Kees van Dongen, de son vrai nom Cornelis Théodorus Marie van Dongen est un peintre né-erlandais, né le 26 janvier 1877 dans la banlieue de Rotterdam (Pays-Bas) et mort, à l’âge de 91 ans, le 28 mai 1968, à Monaco.

Quand un jeune peintre…

En 1892, à l’âge de 16 ans, Kees van Dongen débute des études de peinture à l’Académie royale des Beaux-Arts de Rotterdam.

De 1892 à 1897, il fréquente le Quartier Rouge, quartier portuaire mal famé de Rotterdam. Durant cette période, van Dongen peint des scènes de matelots et de prostituées. C’est « dans l’obscurité des quartiers mal famés de Rotterdam que van Dongen va d’abord puiser son inspiration : dans ces bordels où se mêlent prostituées colorées qui contrastent avec des clients de noir vêtu. Décors tout à la fois amusants avec leurs allures et postures de l’époque, mais aussi émouvants et tristes avec ces visages toujours cachés où l’on distingue à peine leur gêne amusée… » (http://www.journalinteret.com /culture/van-dongen-un-fauve-a-montreal/  article d’Emmanuel Darmon – 12 mars 2009).

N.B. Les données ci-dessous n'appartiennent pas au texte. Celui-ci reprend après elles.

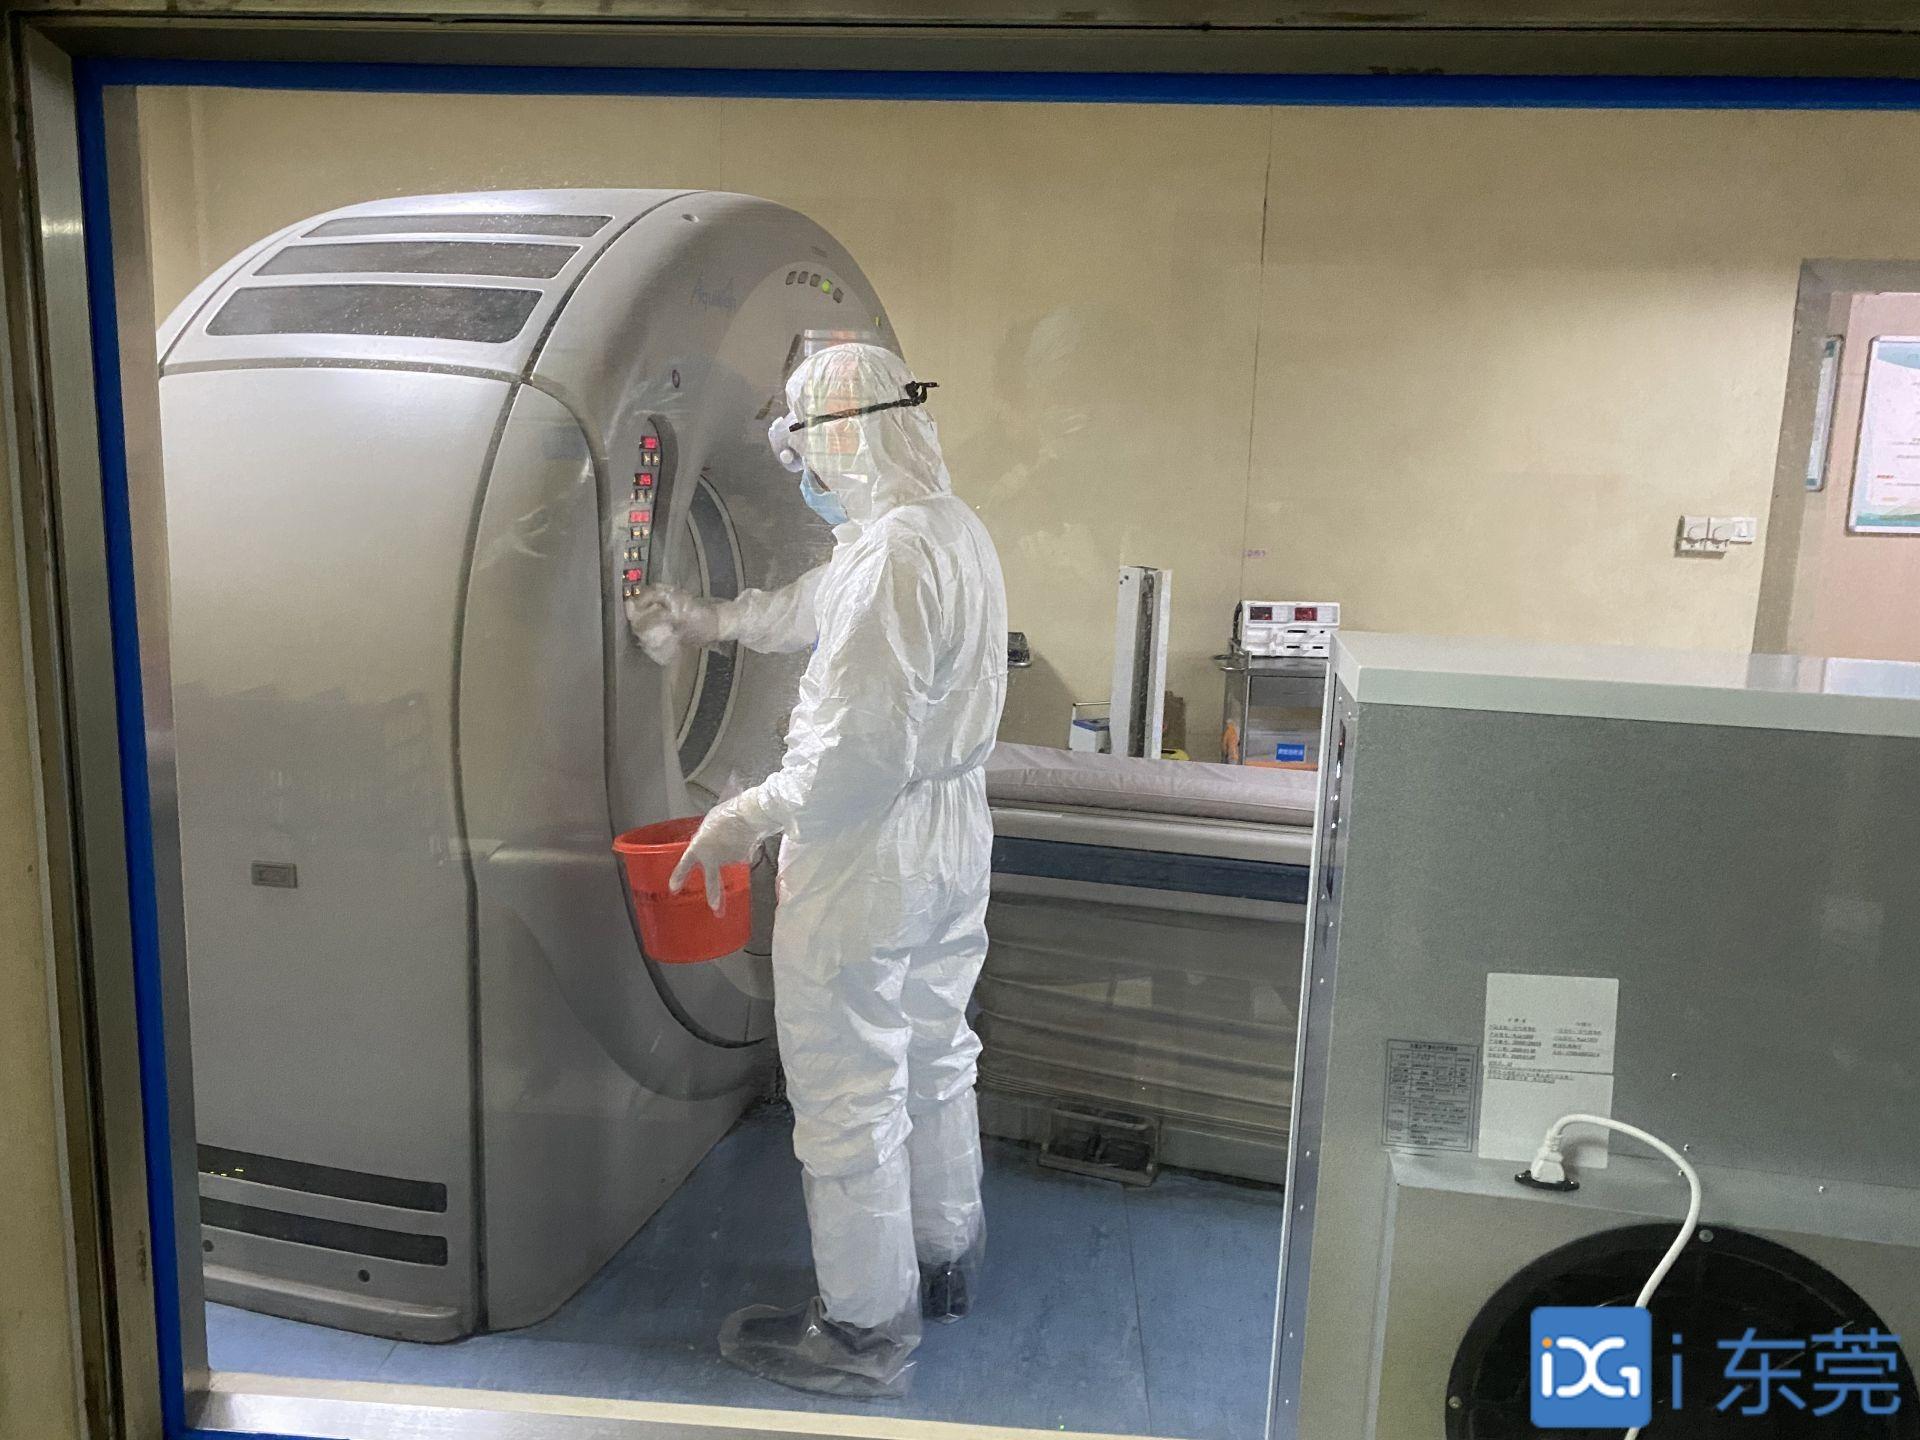 厚街医院放射科唐宇红:有疑似病人检查,他总是冲在最前面

C’est dans ce quartier qu’il peint en 1895 son « Autoportrait en bleu » : il a 18 ans…

Dans  la  mouvance anarchiste de l’époque,  en 1895 toujours, van Dongen  illustre l’édition hollandaise de L’Anarchie de Pierre Kropotkine. En cette fin du XIXème siècle, les anarchistes prônent la « propagande par le fait », stratégie d’action politique qui proclame le « fait insurrectionnel » « moyen de propagande le plus efficace » et vise à sortir du « terrain légal » pour passer à une « période d’action », de « révolte permanente », la « seule voie menant à la révolution » . Les actions de « propagande par le fait » utilisent des moyens très divers dans l’espoir de provoquer une prise de conscience populaire. Elles englobent les actes de terrorisme, les expéditions punitives, le sabotage, voire certains actes de guérilla.

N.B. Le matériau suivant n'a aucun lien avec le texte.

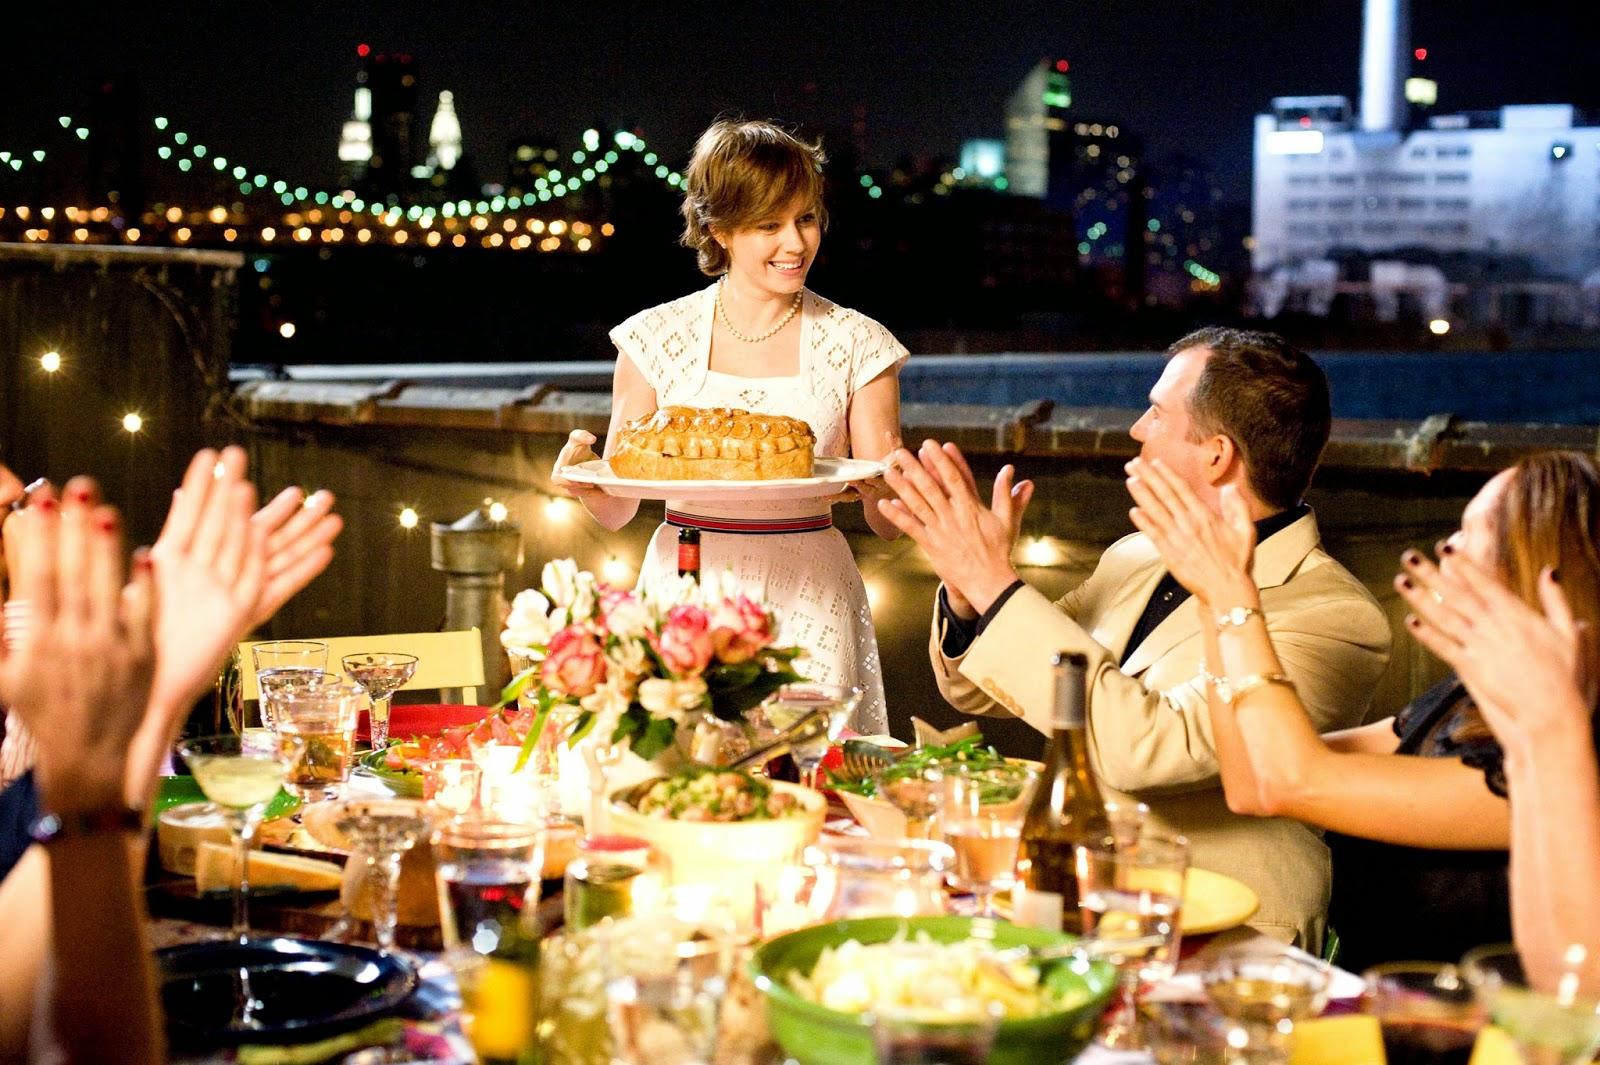 картинки с днем рождения стол и люди назвала

En 1897, van Dongen se rend à Paris où il séjourne plusieurs mois ; il s’y installe en 1901. A Paris, il rencontre l’écrivain Félix Fénéon, qui lui-même fréquente le milieu anarchiste.

En 1904, Kees van Dongen expose au salon des Indépendants et rencontre Maurice de Vlaminck et Henri Matisse. Puis c’est l’exposition très controversée du Salon d’Automne de 1905, où, entre autres, exposait également Matisse. Les couleurs vives, éclatantes, de leurs œuvres sont à l’origine du nom de ce groupe de peintre : les Fauves. Ils entrent dans la postérité sous la plume du critique d’art Louis Vauxcelles qui, remarquant un buste d’angelot d’inspiration classique (du sculpteur Marque) perdu au milieu de « l’orgie des tons purs », évoque « Donatello au milieu des fauves »… Le mot est lâché : les Fauves. Les Fauves sont lâchés ; mais le public ne comprend pas l’agressivité et la violence des tons qu’ils emploient et n’y voit que « scandale, fumisterie, démence, ignorance ». Pourtant les Fauves feront théorie et le fauvisme deviendra une référence en peinture

… fait son autoportrait,

… comment se voit-il ?

C’est le bleu qui domine ici, sous diverses variantes : tons nuancés de pastel sur le pourtour et tons nettement plus foncés au centre.

On voit, au 1er plan, un personnage  sombre, grand  et massif. Il occupe l’espace principal du tableau. Sa silhouette se détache sur la fenêtre beige à barreaux de l’arrière-plan.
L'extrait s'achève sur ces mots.